Now that we have a representable functor in the form of BoundedGrid<A>
we can
construct a RepresentableStore<F<_>, S,A>
that uses it. Without higher kinded
types, we can't actually define this type generically. We'll create a concrete
instance for the types we care about.
// a.k.a., RepresentableStore<BoundedGrid<_>, Coord, A>
struct FocusedBoundedGrid<A> {
let grid: BoundedGrid<A>
let pos: Coord
func peek(_ c: Coord) -> A {
self.grid.index(c)
}
func seek(_ c: Coord) -> Self { duplicate.peek(c) }
func experiment(_ f: (Coord) -> [Coord]) -> [A] {
f(pos).map(peek)
}
}
Notice that peek
is no longer user provided. It is now is implemented via the
underlying representable functor's index
method.
FocusedBoundedGrid
has a straightforward functor instance which we will need.
extension FocusedBoundedGrid {
func map<B>(
_ f: @escaping (A) -> B
) -> FocusedBoundedGrid<B> {
FocusedBoundedGrid<B>(
grid: self.grid.map(f),
pos: self.pos
)
}
}
Finally we can build our comonad instance.
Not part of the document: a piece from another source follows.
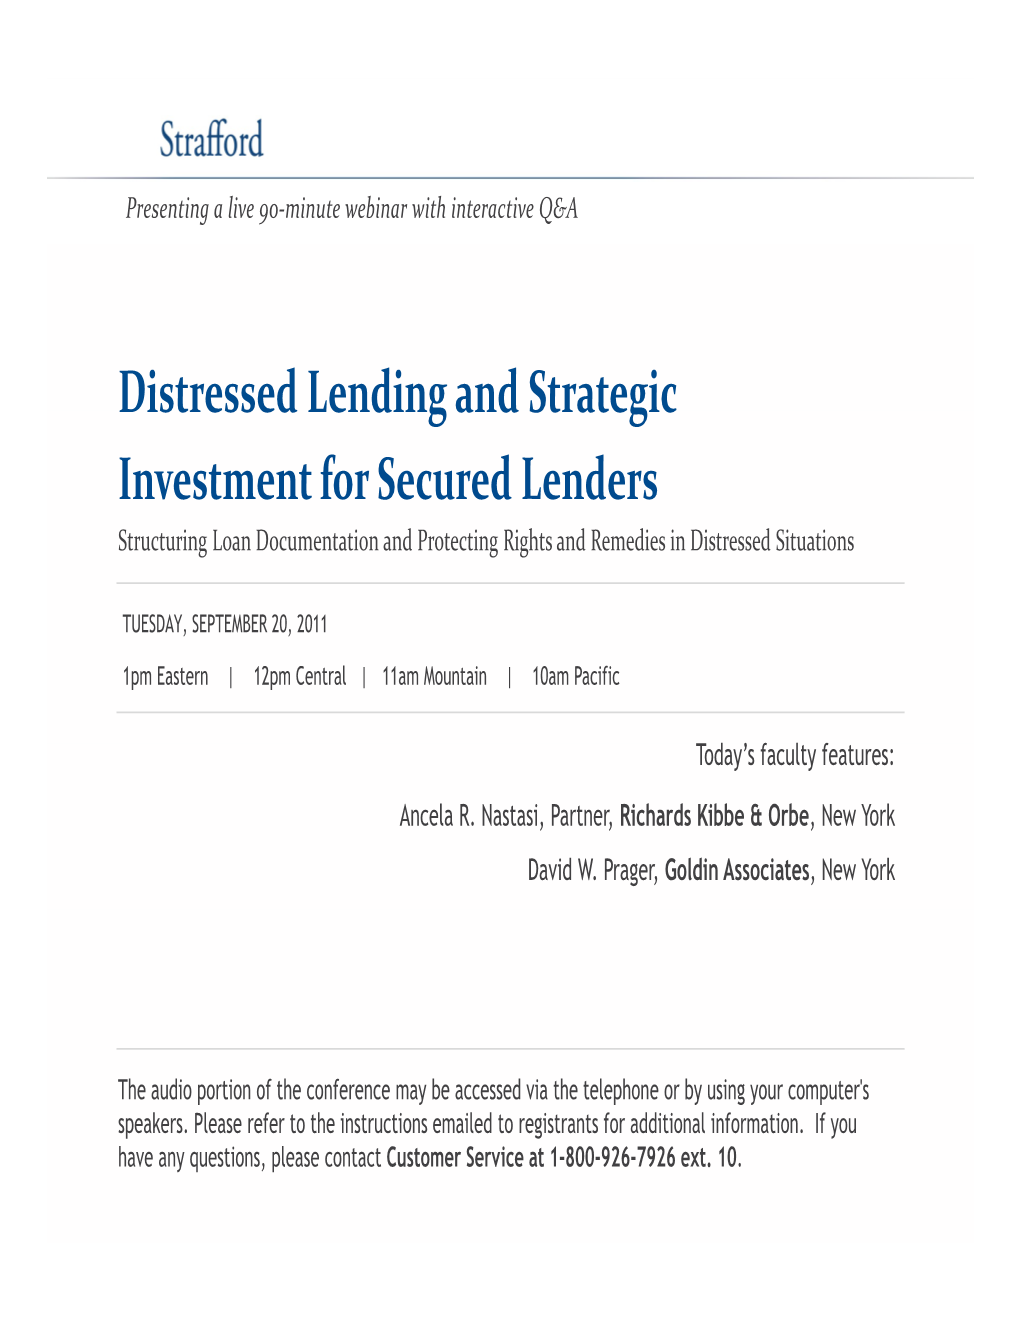 Distressed Lending and Strategic Investment for Secured Lenders Structuring Loan Documentation and Protecting Rights and Remedies in Distressed Situations

extension FocusedBoundedGrid {
var extract: A { peek(pos) }
func extend<B>(
_ f: @escaping (FocusedBoundedGrid<A>) -> B
) -> FocusedBoundedGrid<B> {
self.duplicate.map(f)
}
var duplicate: FocusedBoundedGrid<FocusedBoundedGrid<A>> {
FocusedBoundedGrid<FocusedBoundedGrid<A>>(
grid: BoundedGrid.tabulate {
FocusedBoundedGrid<A>(
grid: self.grid,
pos: $0)
},
pos: self.pos)
}
}
Of primary interest here is how duplicate
works. It uses the underlying
representable functor's tabulate
method to build out the grid with all
possible different focus points. This is also where we construct a lot of
redundant BoundedGrid
instances. (Using better copy-on-write patterns or
persistent data structures might help here.) This is also how we get
"memoization for free". By invoking tabulate
, we are constructing a new
BoundedGrid
, thereby avoiding all recompute we saw with the original Store
.
We can now switch out our implementation.
typealias Grid = FocusedBoundedGrid<Bool>
func makeGrid(_ state: Set<Coord>) -> Grid {
Grid(
grid: BoundedGrid.tabulate(state.contains),
pos: Coord(0,0))
}
This version has great performance and flat memory consumption. For all of the pointless data copying it does, it's surprisingly fast. That's where this exploration ends. I'm left with a few questions for another day.
Questions:
- Can we get some easy performance wins with lazy collections / iterators?
- Can we get some easy wins with some persistent data structures?
- Can I use the Reader monad to read in the bounds
- Can I use the State or IO monad to free myself from the information constraints of tabulate?
- This problem is trivially made data parallel. What would that look like?